Professional Documents
Culture Documents
Lesson 4
Your search for knowledge happens in every stage of your research work, but it is
in the research stage of review of related literature where you spend considerable time
searching knowledge about the topic. Exposed to various sources of knowledge and
conditioned by a timeframe of the research work, it is necessary that you adopt a certain
method in reviewing or reading varied works of literature that are related to your research
problem or topic. Going methodical in your review of related literature means you have
to go through the following related stages of the process of review of related literature
that are true for any style of review (traditional or systematic) that you want to adopt
(Lappuci, 2013; Robyler, 2013; Freinbell, 2012).
Stage 1- Search for Literature
This is the stage of review of related literature where you devote much of your
time in looking for sources of knowledge, data, or information to answer your research
questions or to support your assumptions about your research topic.

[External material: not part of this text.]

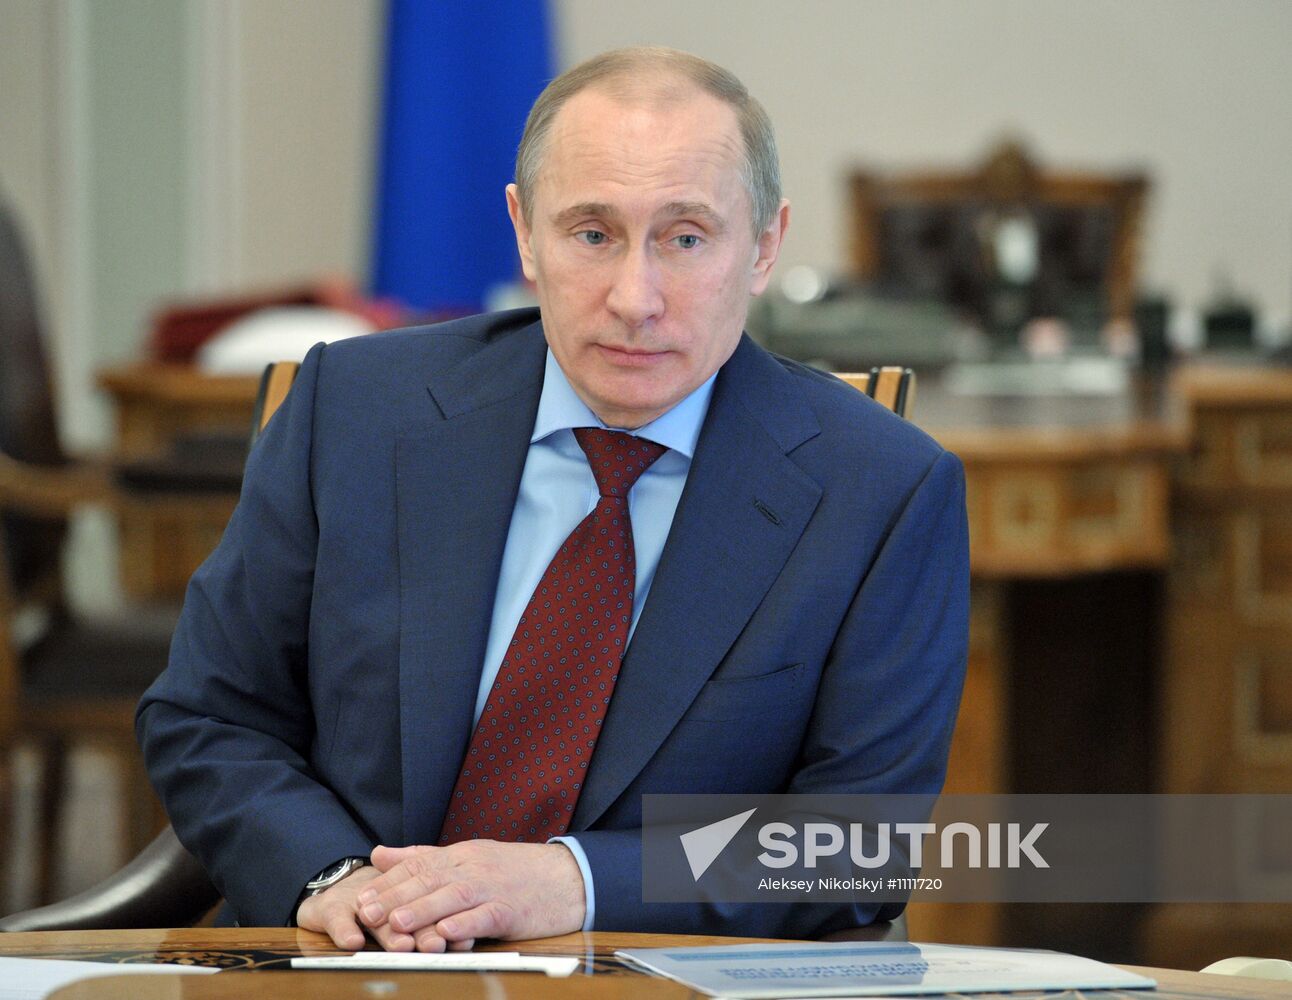 Vladimir Putin holds meeting at Novo-Ogaryovo

Types of Literature Sources
a. General References: These are sources that are first accessed by
researchers to give them wide sources of knowledge or information about
location of other sources
b. Primary Sources: These provide first-hand information about the experts’

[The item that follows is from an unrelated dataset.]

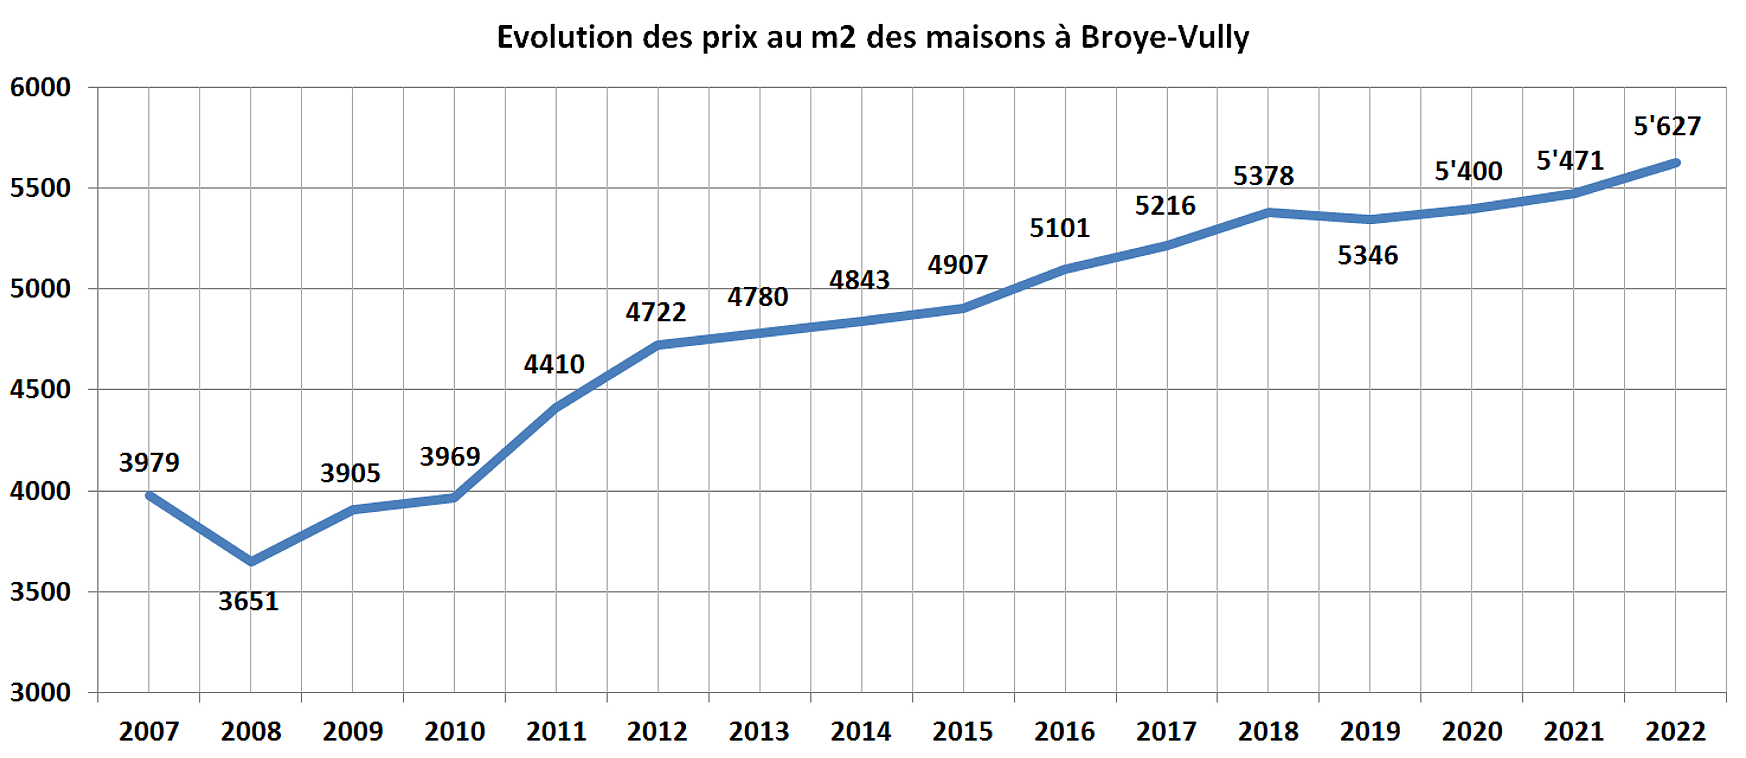 evolution prix m2 maison broye vully 2022

and other researchers’ publications. These publications contain findings that
are directly communicated to the readers and interested parties.
c. Secondary Sources: These are written by authors that describe another
researcher’s works. These materials or documents may contain only
summaries or interpretations of the research reports rather than complete
description of them. Secondary sources have the most number of materials
such as Internet, books, peer-reviewed articles in journals, published literary
reviews, grey literature (unpublished and non-peer reviewed materials like
theses, dissertations, leaflets, posters, research studies in progress and
others)
*Note: Websites like Wikipedia and social media networks are not dependable sources
of information.
3. Citation or In-text Citation – references within the main body of the text,
specifically in Review of Related Literature
Purposes of Citation
• To give importance and respect to other people for what they know about
• To give authority, validity and credibility to other people's claims, conclusions and
arguments
• To prove your broad and extensive reading of authentic and relevant materials
about your topic
• To help readers find or contact the sources of ideas easily
• To permit readers to check the accuracy of your work
• To save yourself from plagiarism
STYLES OF CITATION
A. Integral Citation
This is one way of citing or referring to the author whose ideas appear in your
work. You are using active verbs like claim, assert, state , etc. to report the author's
ideas. This expresses the author's mental position, attitude, stand, or opinion in relation
to the information referred to. Often used in social sciences or any subjects belonging
to the soft sciences. Example:
APA MLA
One study by Manalo (2015) reveals... One study by (Manalo 70)
The latest work by Lee (2015) asserts... The latest work by (Lee 123)
According to Abad et al. (2015) context is... According to (Abad et al.: 54)
B. Non-Integral Citation
Contrary to the integral citation, this second citation style downplays the strength
of the writer's personal characteristics. The stress is given to the piece of information
rather than to the owner of the ideas. Examples:
APA
The Code of Ethics for Intercultural Competence give four ways by which people from different
cultural background can harmoniously relate themselves with one another (De la Cruz, 2015).
The other components of Intercultural Competence which are also present in SFG are: context
(Harold, 2015), appropriateness (Villar, Marcos, Atienza, 2016; Santos, and Daez, 2016), and
emotions (Flores, 2016).
PATTERNS OF CITATION
A. Summary
The citation in this case is a shortened version of the original text that is expressed in
your own language. Making the text short, you have to pick out only the most
important ideas or aspects of the text.
B. Paraphrase
This is the antithesis of the first one because instead of shortening the form of the text,
you explain what the text means using your own words. In doing so, it is possible that
your explanations may decrease or exceed the number of words of the original text.
There are three broad issues that need to be considered when writing the literature review.
1. Plagiarism
Plagiarism is an act of claiming another’s work or copying a portion of someone else’s
writing. If copying another researcher’s ideas cannot be avoided, proper citation must
be done. In most universities, plagiarism is a breach of the student code of conduct and
can result in failure of the course subjects or even expulsion from the institution. To
avoid such consequences, care and adequate referencing must be observed in writing
any academic or research documents.
2. Self-Plagiarism
Self-plagiarism is defined when the researchers reuse their own work or data in a new
written product without letting the readers know that the manuscript already appeared
in another literature. The practice of text recycling, copyright infringement and
publishing what is substantially the same paper in more than one research journal
without any indication that it has been published already, or dividing an extensive study
into smaller published researches are major problems on self-plagiarism.
3. Copyright
For researchers who want their papers published in conventional journals, the usual
agreement is for the copyright of the researcher’s work to be transferred to the
publisher of the journal. In this case, the publisher of the journal can reproduce and
distribute the research legally. However, most journals nowadays maintain the
researcher’s ownership, but both parties agreed on the journal’s right to publish and
reuse the manuscript. In case of “Open Access” journals, researchers agree to allow free
dissemination of one’s work without their permission.